Numbers released this week showed the cost of expenses for an eight-day trip to the US by presenter Annabel Crabb for her new show Civic Duty, which premiered in November.
The show, a three-part docuseries about Australia’s democratic system, was aired in November and showed Crabb in Washington, Tennessee and Denmark, of all places.
The cost of the US leg turned out to be quite the sum, priced at $22,311. For context, the full cost to send Michael Rowland, Sarah Ferguson and David Speers to cover the US election in late 2024 was $36,838.
Crabb’s bill included $3504.65 for flights to and from America, $3637.80 for accommodation, $5855.65 for travel within the US and $3014 for travel allowance. An American associate producer assisting Crabb and her team accounted for $US4422.75 ($6347) of the overall bill.
At least the production was pretty well rated, garnering 950,000 views across its first seven days on TV and ABC iview.
An ABC spokesperson said :“Civic Duty is an important three-part documentary about the unique nature of Australian democracy that required travel to provide global context. Annabel was accompanied by a crew to the US where several interviews were conducted in various cities and used across all three episodes. Travel and accommodation was within ABC travel guidelines.”
We don’t doubt Crabb’s trip was within the rules, but perhaps the ABC should check if she shares high-flying Sports Minister Anika Wells’ travel agent.
Playing favourites
Speaking of Speers, more data revealed last week as part of a tranche of senate estimates questions on notice shows the ABC is, believe it or not, actually pretty even-handed when it comes to booking political guests for flagship political sofa-show Insiders.
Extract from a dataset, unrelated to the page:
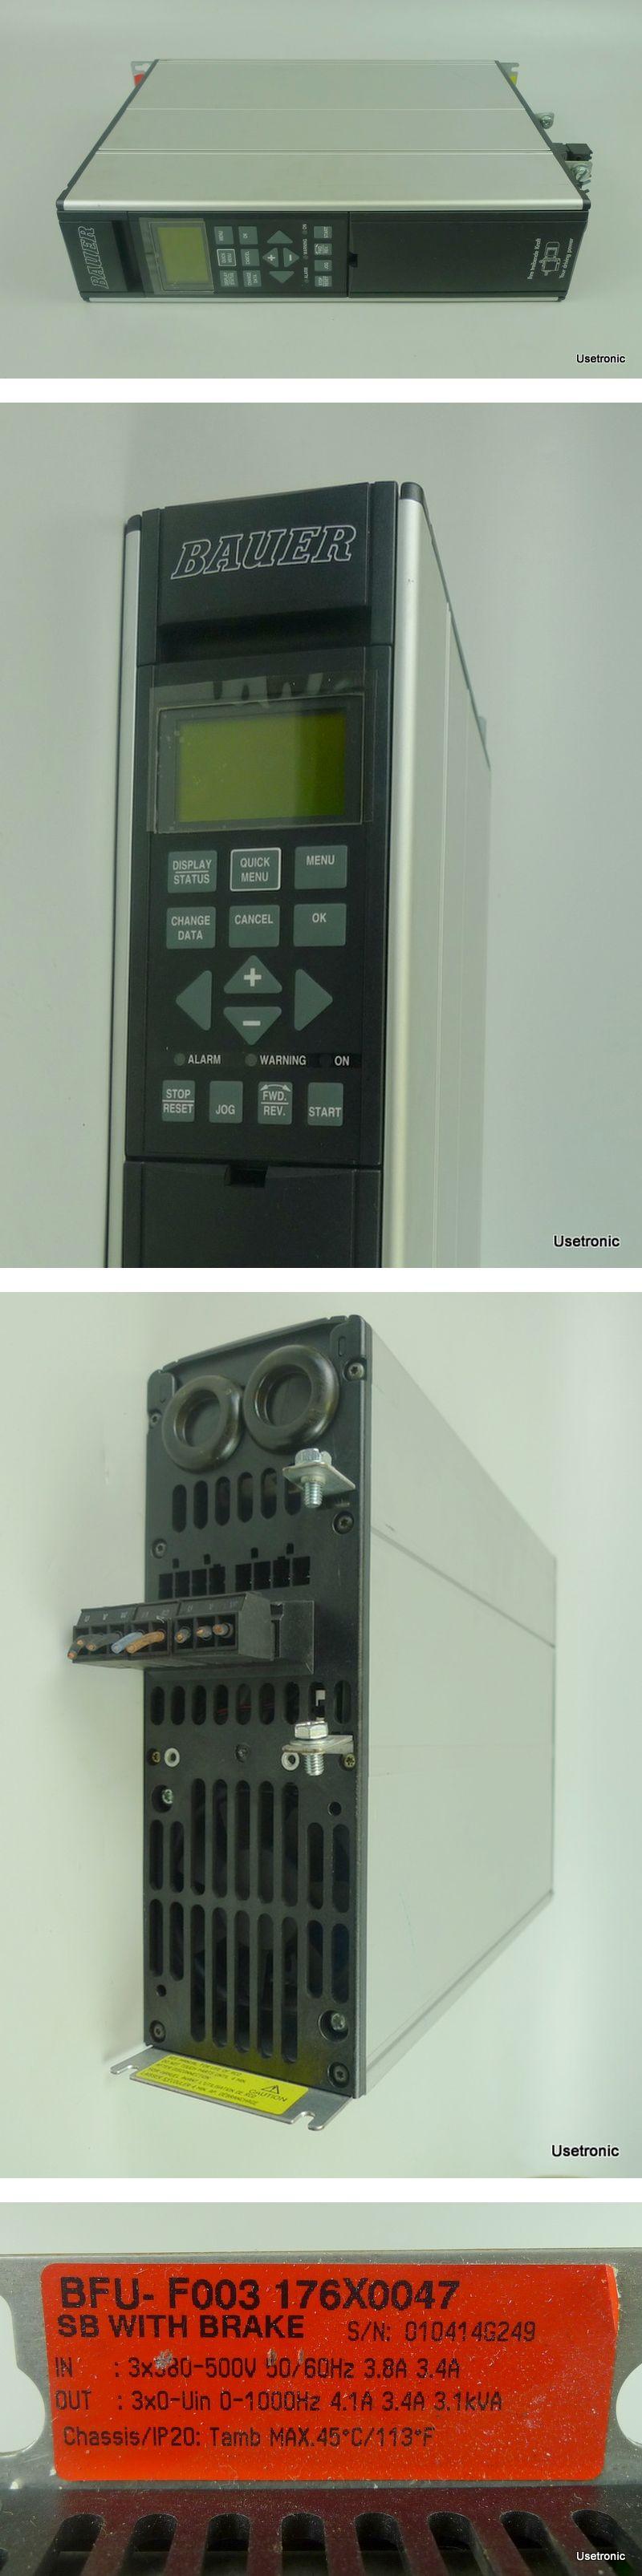 Bauer BFU-F003 Frequenzumrichter 0-1000Hz 3,1 kVA 176X0047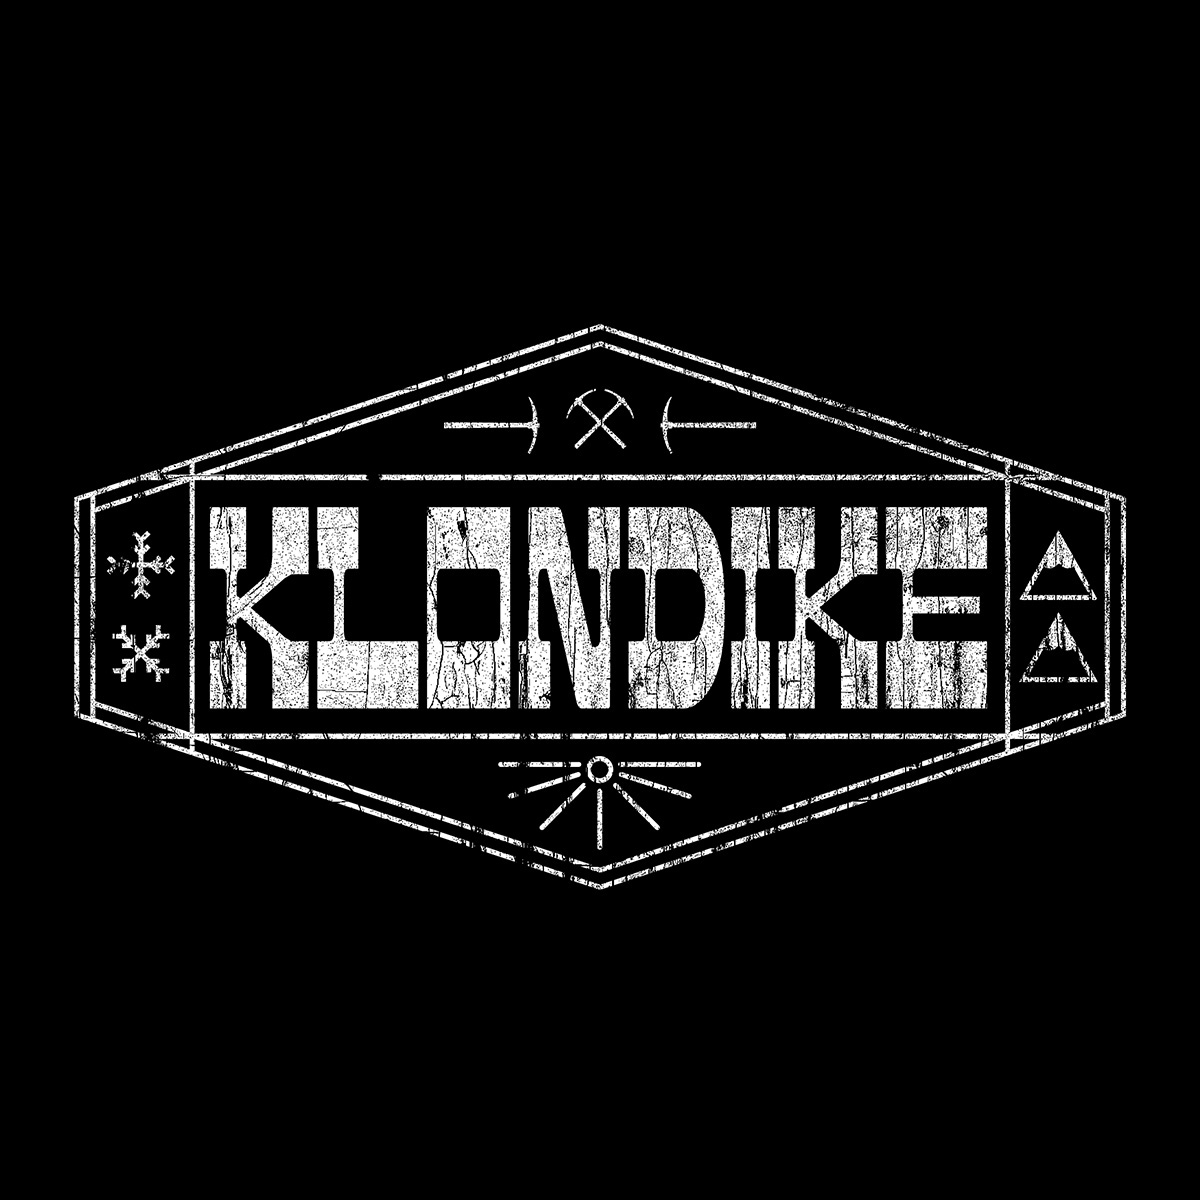 Discovery_Channel_Klondike_mini-series_mattson_design.jpg

Its own stable of journalists took the cake with a grand total of 50 appearances across the 2025 calendar year, led by seven appearances from Jacob Greber, formerly of the AFR. Journalists from across Nine television and mastheads The Age, Sydney Morning Herald and AFR followed on 43, while News Corp’s mastheads tallied 21.
But it was a News Corp journalist, news.com.au’s award-winning political editor Samantha Maiden, who topped the pile with 11 appearances across the year. Maiden was followed by Phillip Coorey, political editor of the AFR, this masthead’s Paul Sakkal and former Guardian political editor and now independent journalist Karen Middleton.
For those checking the figures, we lumped columnists like Niki Savva (SMH, The Age) in with the masthead their copy runs in, but ranked Waleed Aly separately as he also appears on the ABC.